Вообще-то в чем-то он был прав. Сейчас и впрямь не время заниматься сведением счетов. К тому же не факт, что он участвовал в убийстве Годуновых — все могло произойти именно так, как он рассказывает. Я действительно стоял на его пути. Тут тоже понятно. Получается, что он никакой не убийца, а лишь грабитель. Опять-таки неизвестно, что вывело его на большую дорогу. Может, с голоду помирать не захотел. Словом, хватало нюансов.

Вот только пожимать ему руку мне почему-то не хотелось. Категорически. И улыбка у него какая-то наглая, и серые глаза чуть навыкате тоже наглые, даже стоял он нагло. Или, может, я придираюсь? Может, ларец простить не могу, потому и вижу в нем одно плохое? Я еще раз посмотрел на протянутую руку и твердо решил — пожимать не стану. Уж очень с души воротило. Вот не стану, и все тут.

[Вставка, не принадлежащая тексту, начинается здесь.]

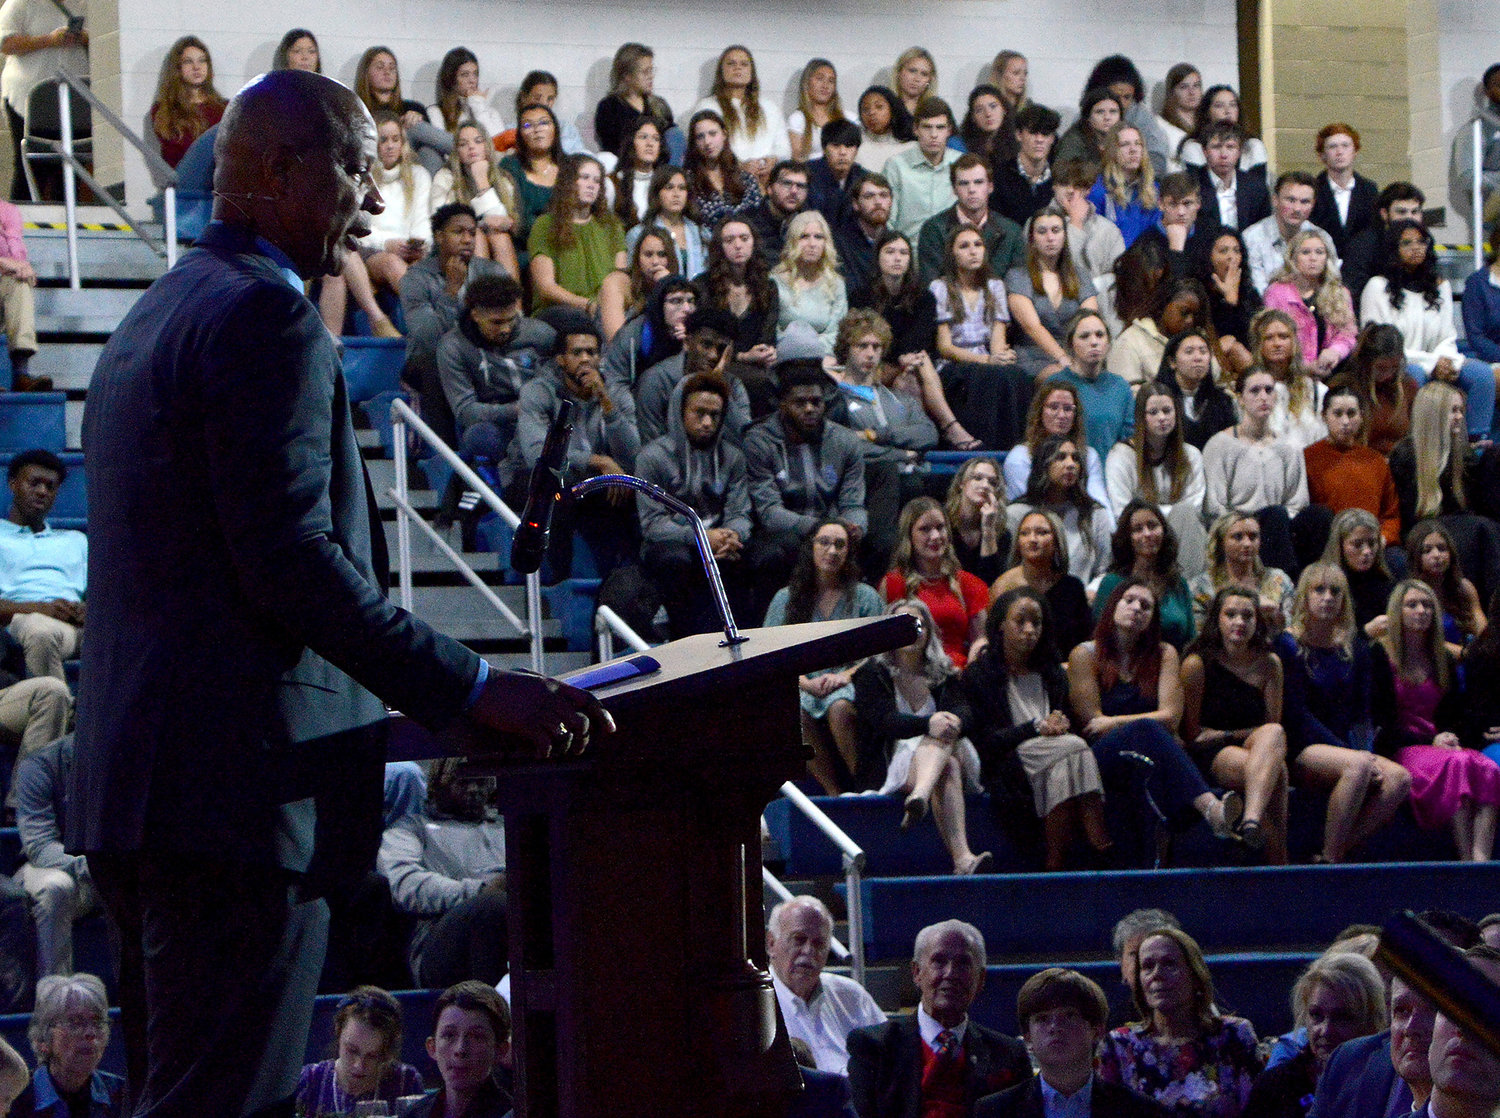 Former baseball superstar Darryl Strawberry speaks to sponsors and student-athletes during the President’s Gala at Shorter University in Rome, Ga., Dec. 1, 2022. (Index/Henry Durand)
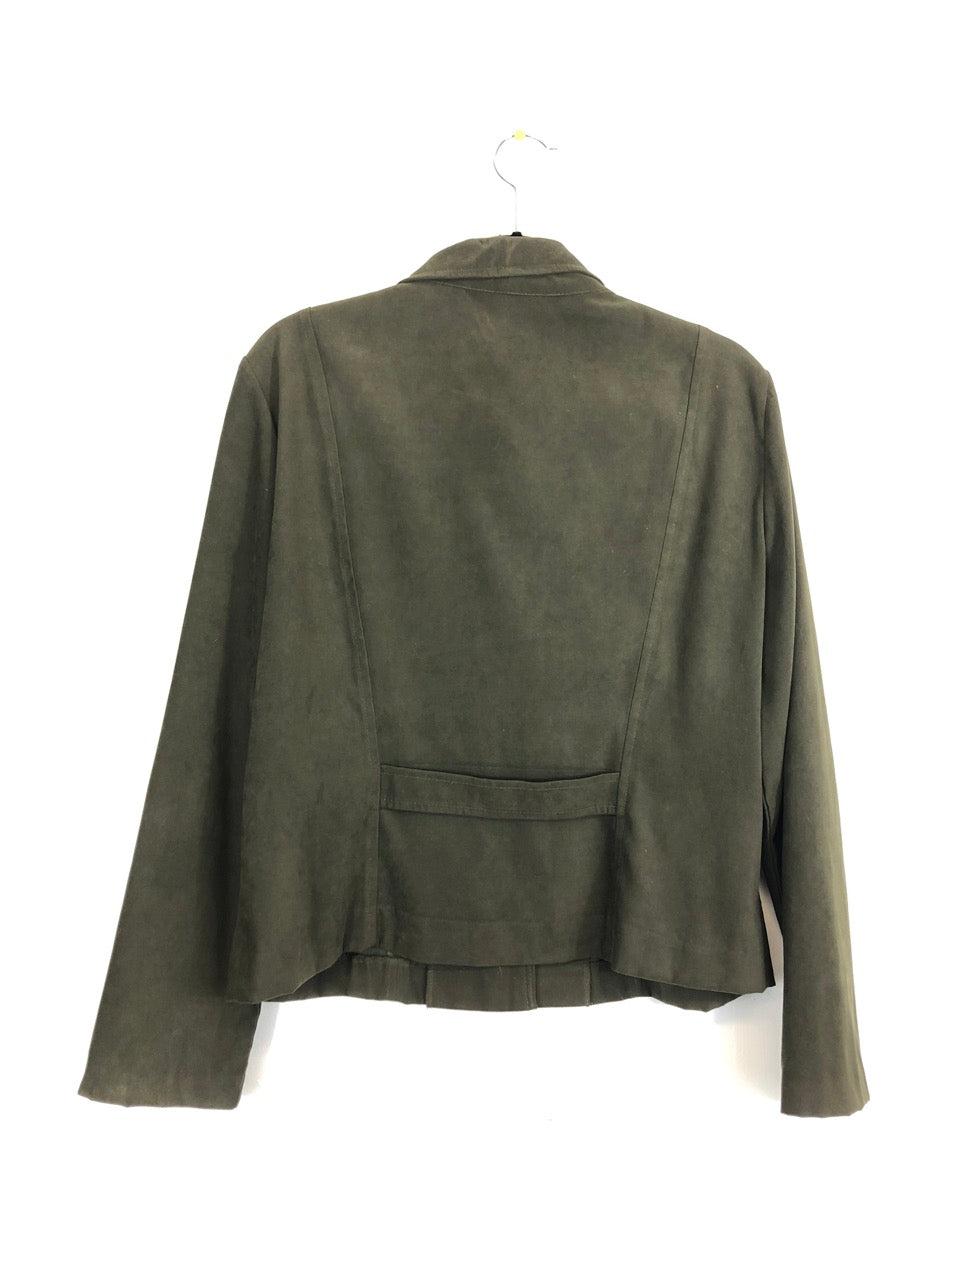 Just in Thyme Ltd. Jacket

— Перемирие, — сердито буркнул я.

Хотел добавить еще пару ласковых, но тут из шатра высунулся Пантелеймон и приглашающе махнул мне рукой, после чего я немедленно выкинул из головы все посторонние мысли и шагнул внутрь, за полог.

Болотистая низменная Мешера — не самое лучшее место для воинских станов, но в этот день мне было не до комариных полчищ, которые назойливо гудели даже в княжеском шатре. Мне вообще было ни до чего, кроме самого Воротынского, на убеждение которого я вбухал все свое вдохновение, ну и фантазию тоже, живописуя, как я повстречался со смертельно раненным сакмагоном, как он успел прошептать мне только одно слово «татары», после чего скончался прямо на моих руках, и как я потом удирал от их разъездов.

Михаила Иванович оказался на редкость неблагодарным слушателем. Он то и дело перебивал меня разными скучными вопросами, не давая как следует разойтись, а также ядовитыми комментариями вроде «у страха глаза велики». Это он о примерном количестве их войска, которое мне удалось подсчитать. Однако я был упрям, вдохновение мое — неисчерпаемо, и в конце нашего разговора он все-таки мне поверил. Правда, не во всем и не до конца. Это я про огромное, тысяч на пятьдесят, не меньше, войско татар. Но зато в самом главном — обошел крымский хан наши полки — не усомнился.

— Стало быть, они по старой Свиной дороге двинулись, — огорченно вздохнул он. — Хитры, нечего сказать.

— А у нас там ничего? — осторожно, а то вдруг решит, что выведываю, спросил я.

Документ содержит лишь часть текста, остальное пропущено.